Validation of measures of satisfaction with and impact of continuous and conventional glucose monitoring.



The evaluation of patient-reported outcomes (e.g. impact, satisfaction) is important in trials of continuous glucose monitoring (CGM). We evaluated psychometric properties of the CGM Satisfaction Scale (CGM-SAT) and the Glucose Monitoring Survey (GMS).


CGM-SAT is a 44-item scale on which patients (n=224) or parents (n=102) rated their experience with CGM over the prior 6 months. GMS is a 22-item scale on which patients (n=447) or parents (n=221) rated the blood glucose monitoring system they were using (home glucose meter with or without CGM) at baseline and 6 months.
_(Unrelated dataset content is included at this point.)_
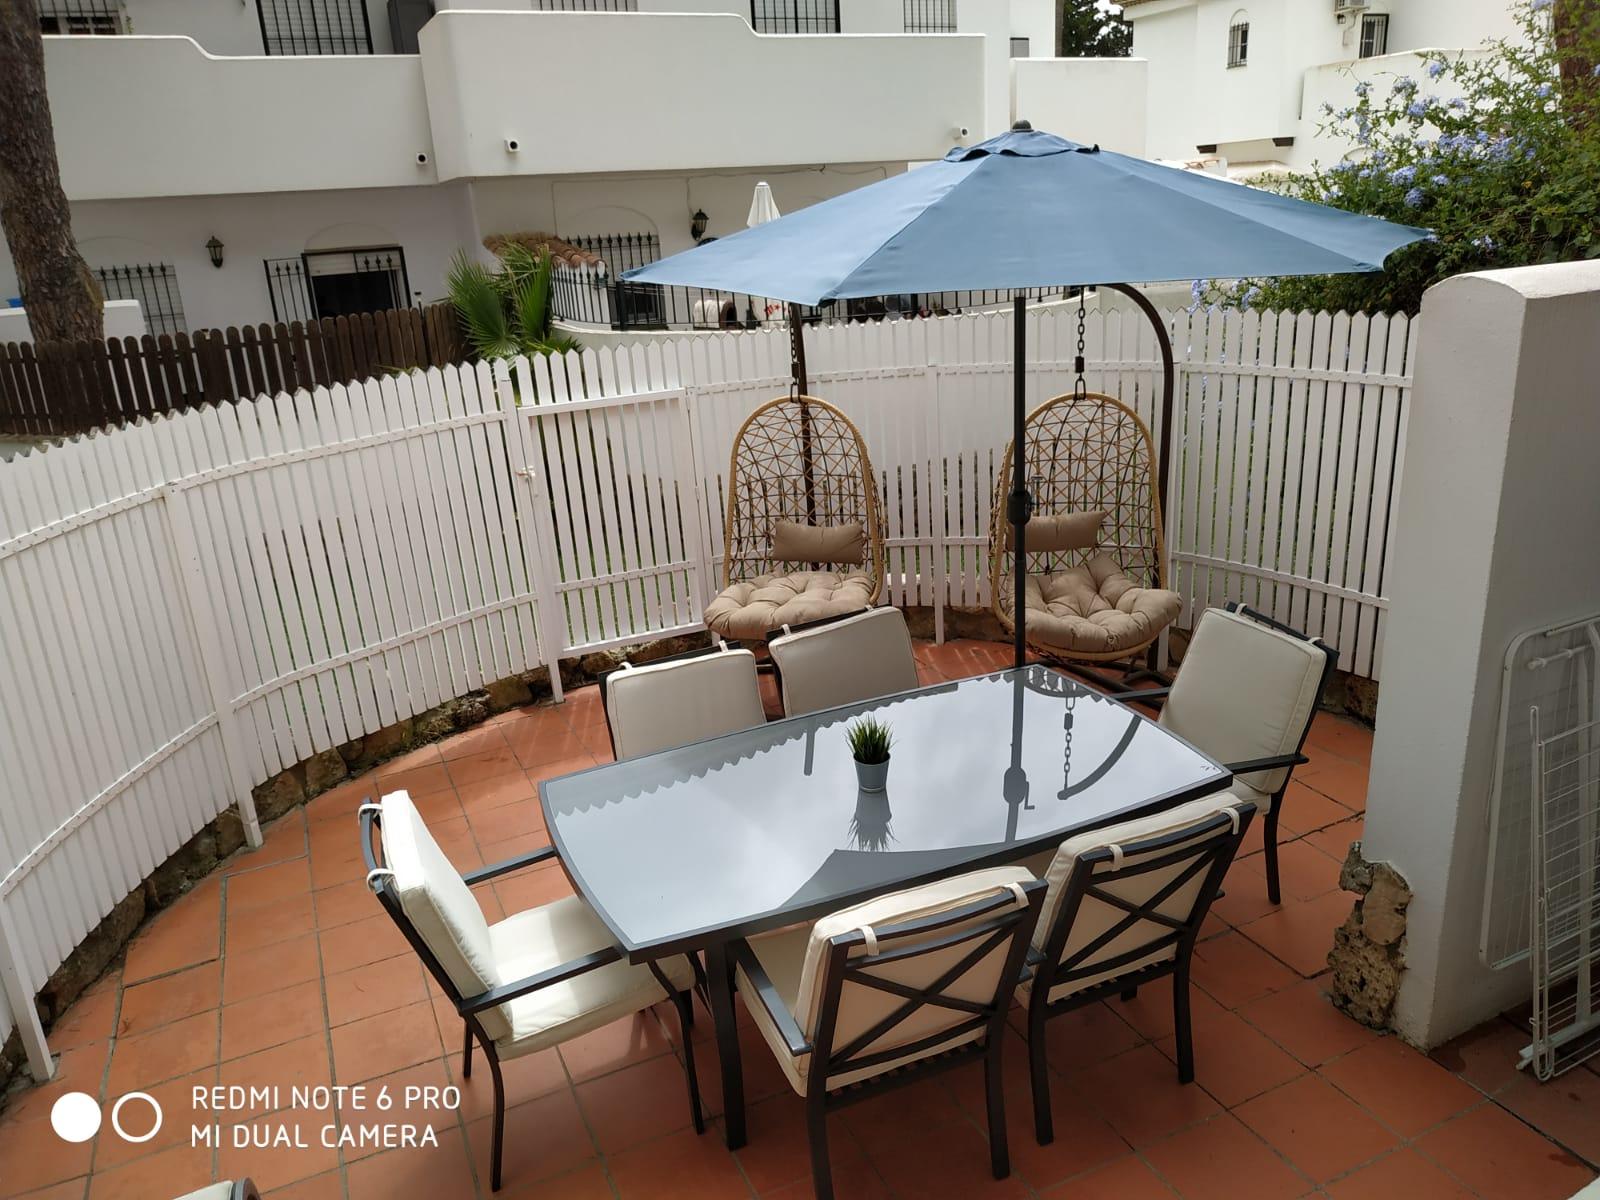 Pinar Atlántico,Apartment in Chiclana de la Frontera, Andalusia, Spain for 4 persons.....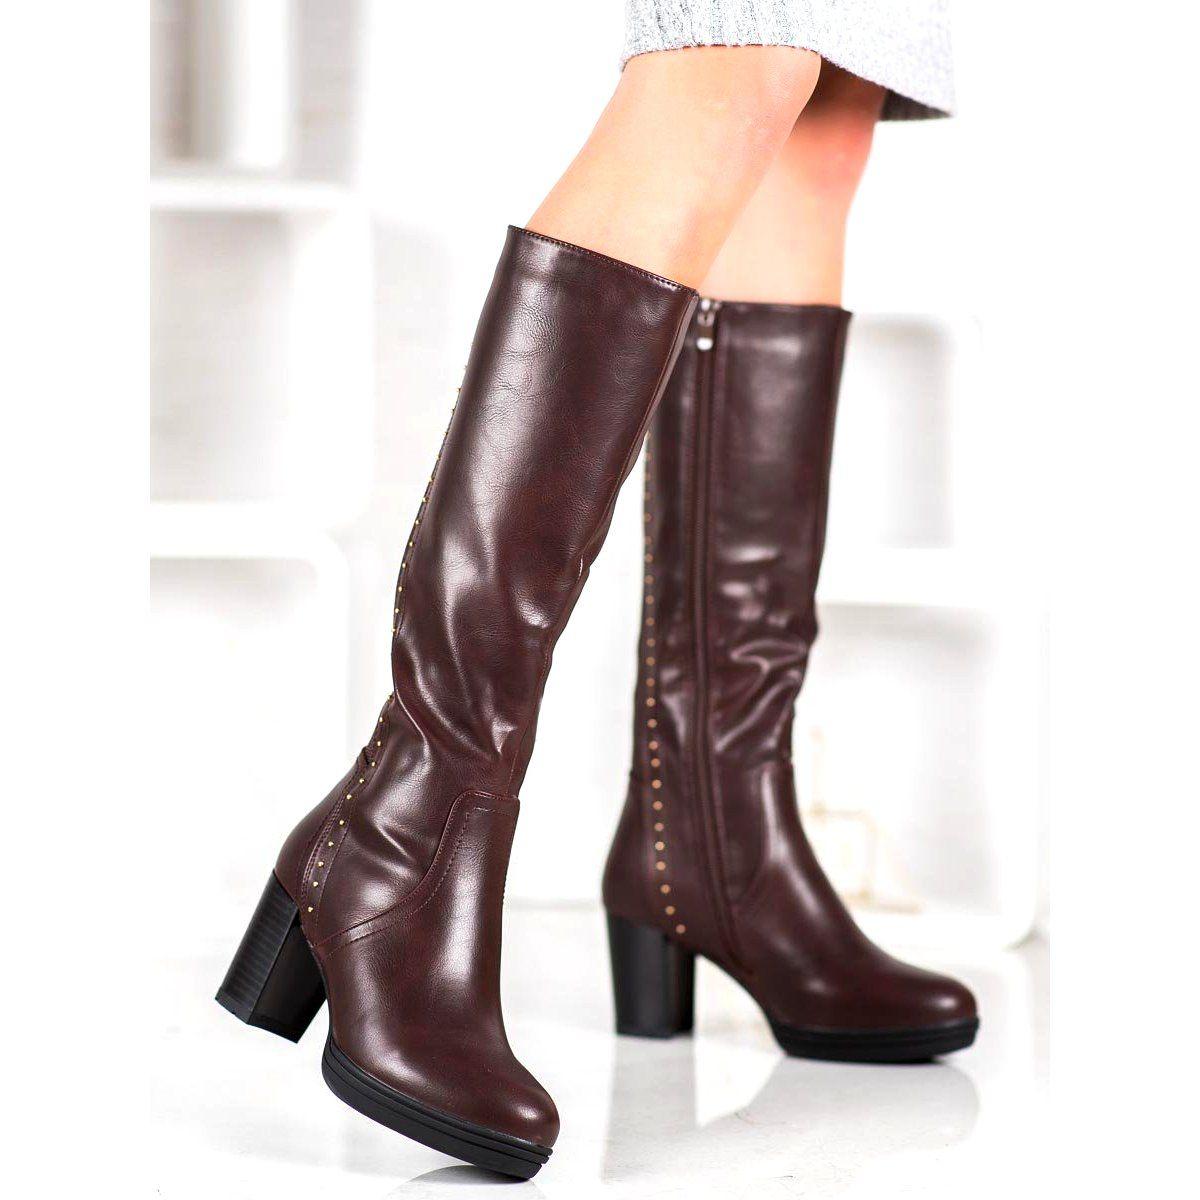 J Star Brazowe Kozaki Na Obcasie Heels Boots Stiletto Boot

The alpha coefficient for the CGM-SAT was > or = 0.94 for all respondents and for the GMS was > or = 0.84 for all respondents at baseline and 6 months. Parent-youth agreement was 0.52 for the CGM-SAT at 6 months and 0.24 and 0.20 for the GMS at baseline and 6 months for the Standard Care Group, respectively. Test-retest reliability of the GMS at 6 months for controls was r=0.76 for adult patients, 0.63 for pediatric patients, and 0.43 for parents. Factor analysis isolated measurement factors for the CGM-SAT labeled Benefits of CGM and Hassles of CGM, accounting for 33% and 9% of score variance, respectively. For the GMS, two factors emerged: Glucose Control and Social Complications, accounting for 28% and 9% of variance, respectively. Significant correlations of CGM-SAT with frequency of CGM use between 6 months and baseline and GMS with frequency of conventional daily self-monitoring of blood glucose at baseline support their convergent validity.


The CGM-SAT and GMS are reliable and valid measures of patient-reported CGM outcomes.